#### What is expected:
Pictures stay out of the output. Return exactly the lines below from the one with "DIY printable |" down to the one with "Gillette Fusion5 Rasierklingen", both included, and nothing more.

#### Data section:
=== Section Start ===
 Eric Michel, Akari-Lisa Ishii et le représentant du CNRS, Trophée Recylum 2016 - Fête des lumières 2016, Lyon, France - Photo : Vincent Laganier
=== Section End ===
=== Section Start ===
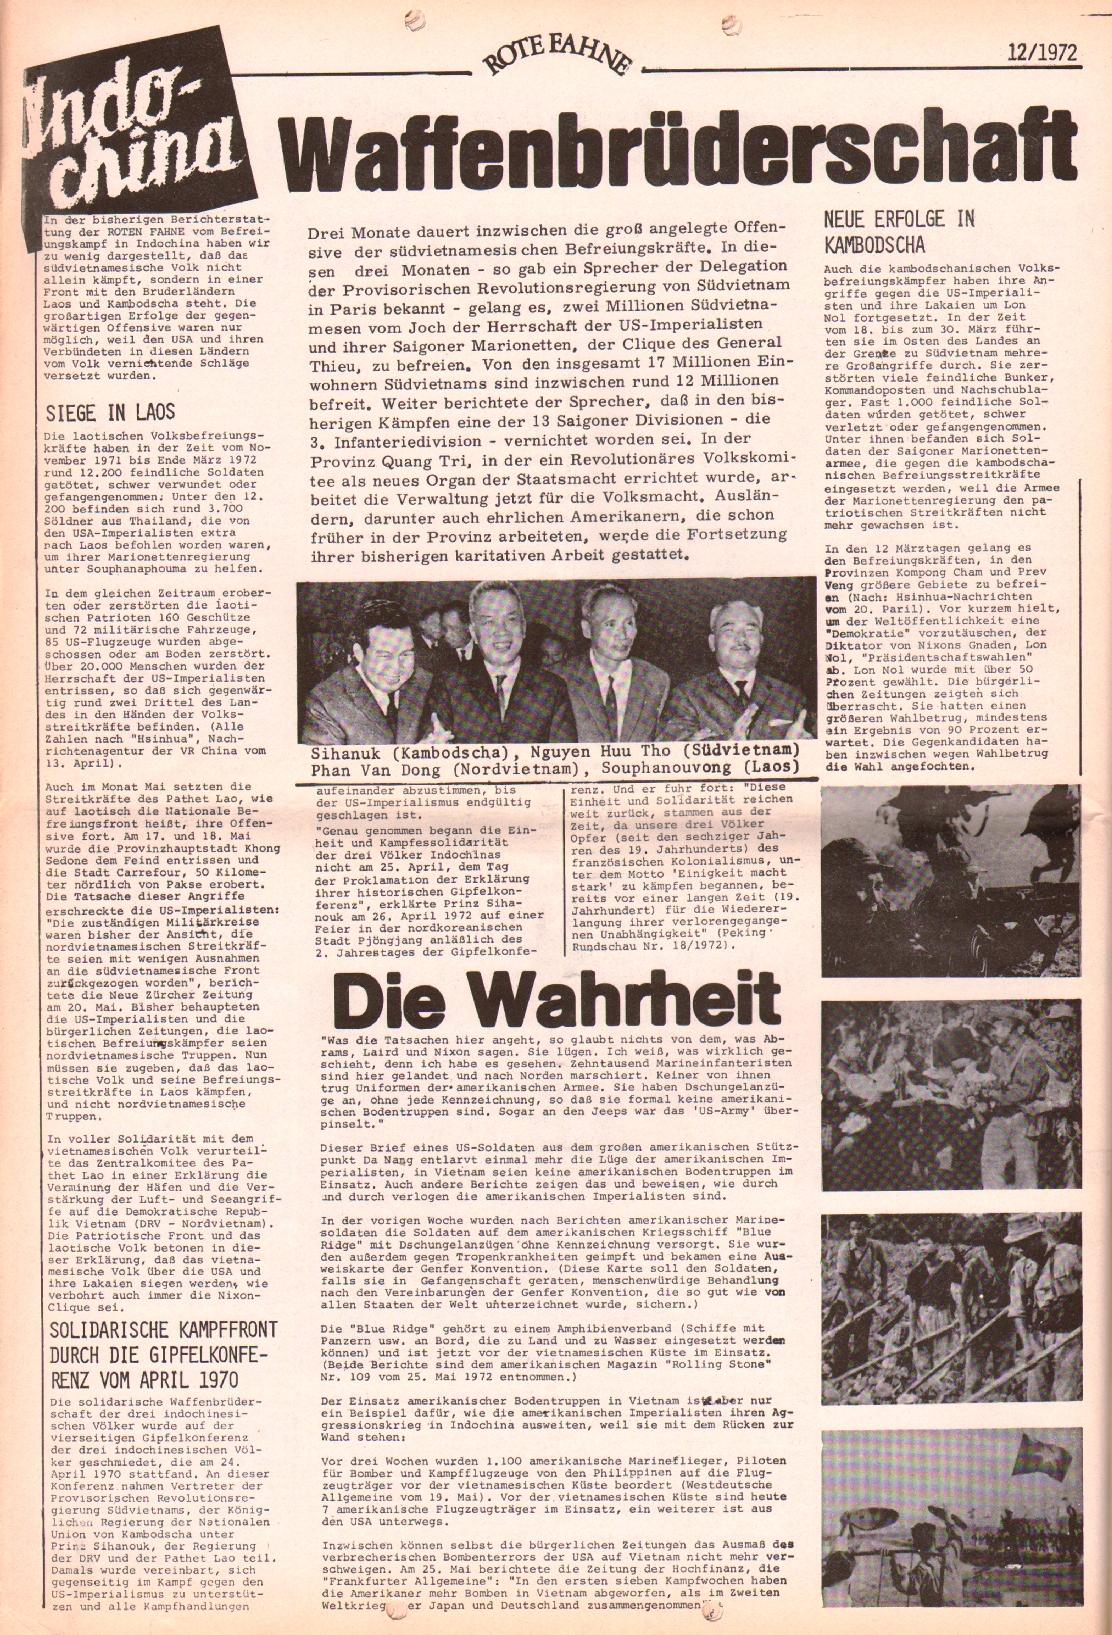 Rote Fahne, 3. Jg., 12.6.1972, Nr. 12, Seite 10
=== Section End ===
=== Section Start ===
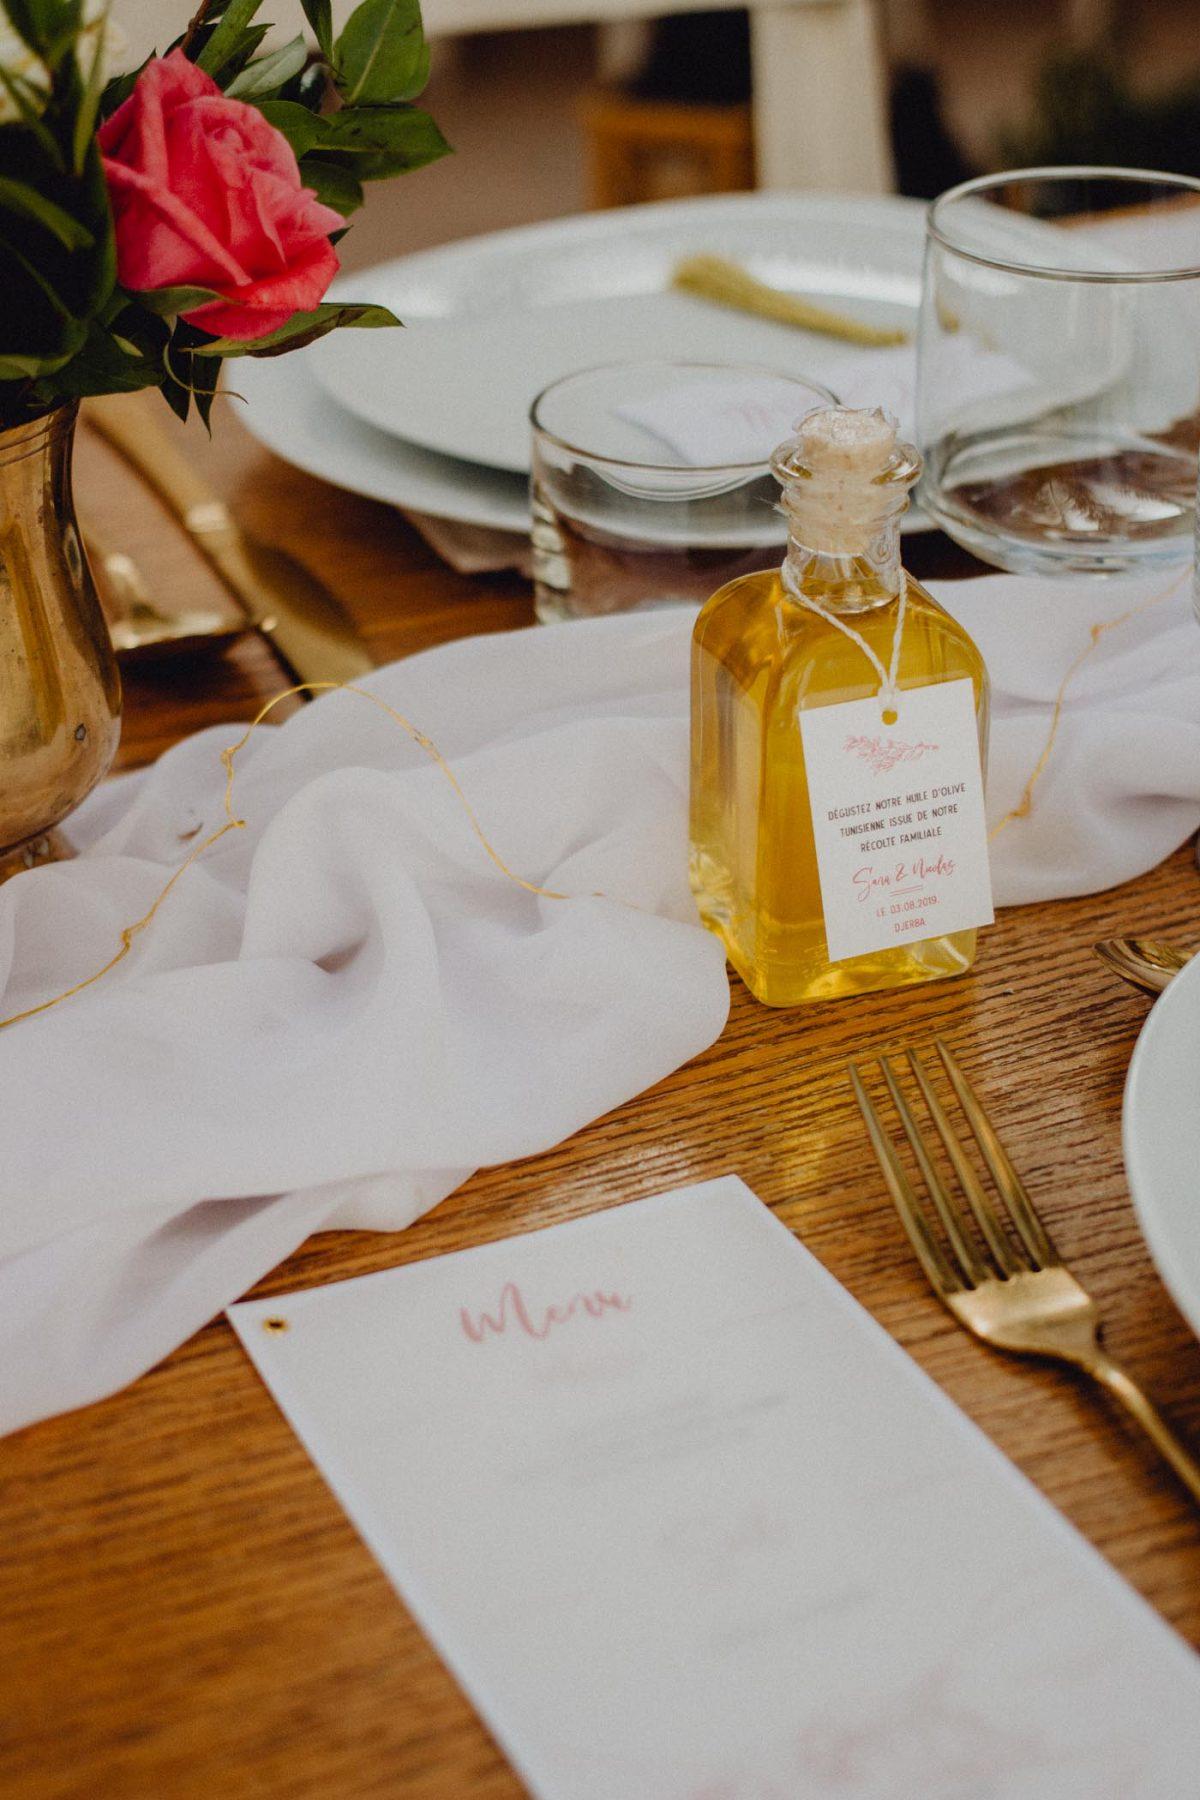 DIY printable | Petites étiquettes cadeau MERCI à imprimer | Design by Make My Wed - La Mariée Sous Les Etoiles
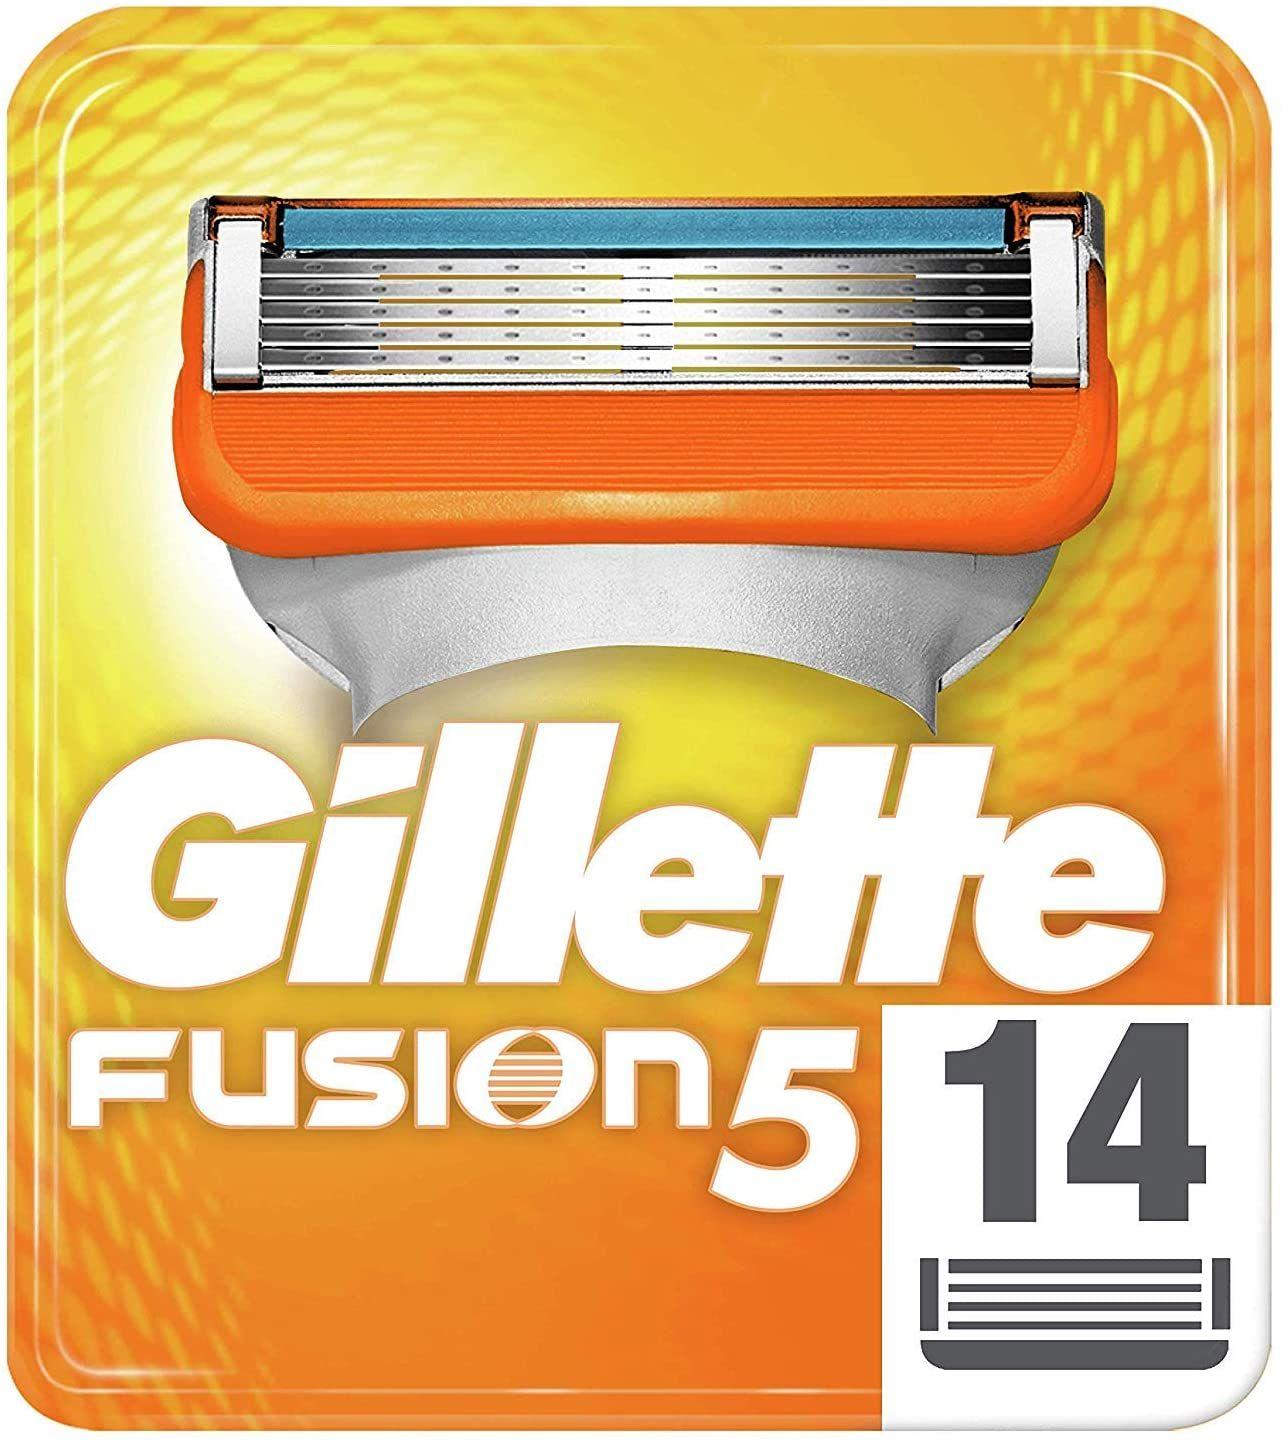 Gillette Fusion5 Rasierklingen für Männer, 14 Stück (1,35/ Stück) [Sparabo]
=== Section End ===
#### Your response:
 DIY printable | Petites étiquettes cadeau MERCI à imprimer | Design by Make My Wed - La Mariée Sous Les Etoiles
 Gillette Fusion5 Rasierklingen für Männer, 14 Stück (1,35/ Stück) [Sparabo]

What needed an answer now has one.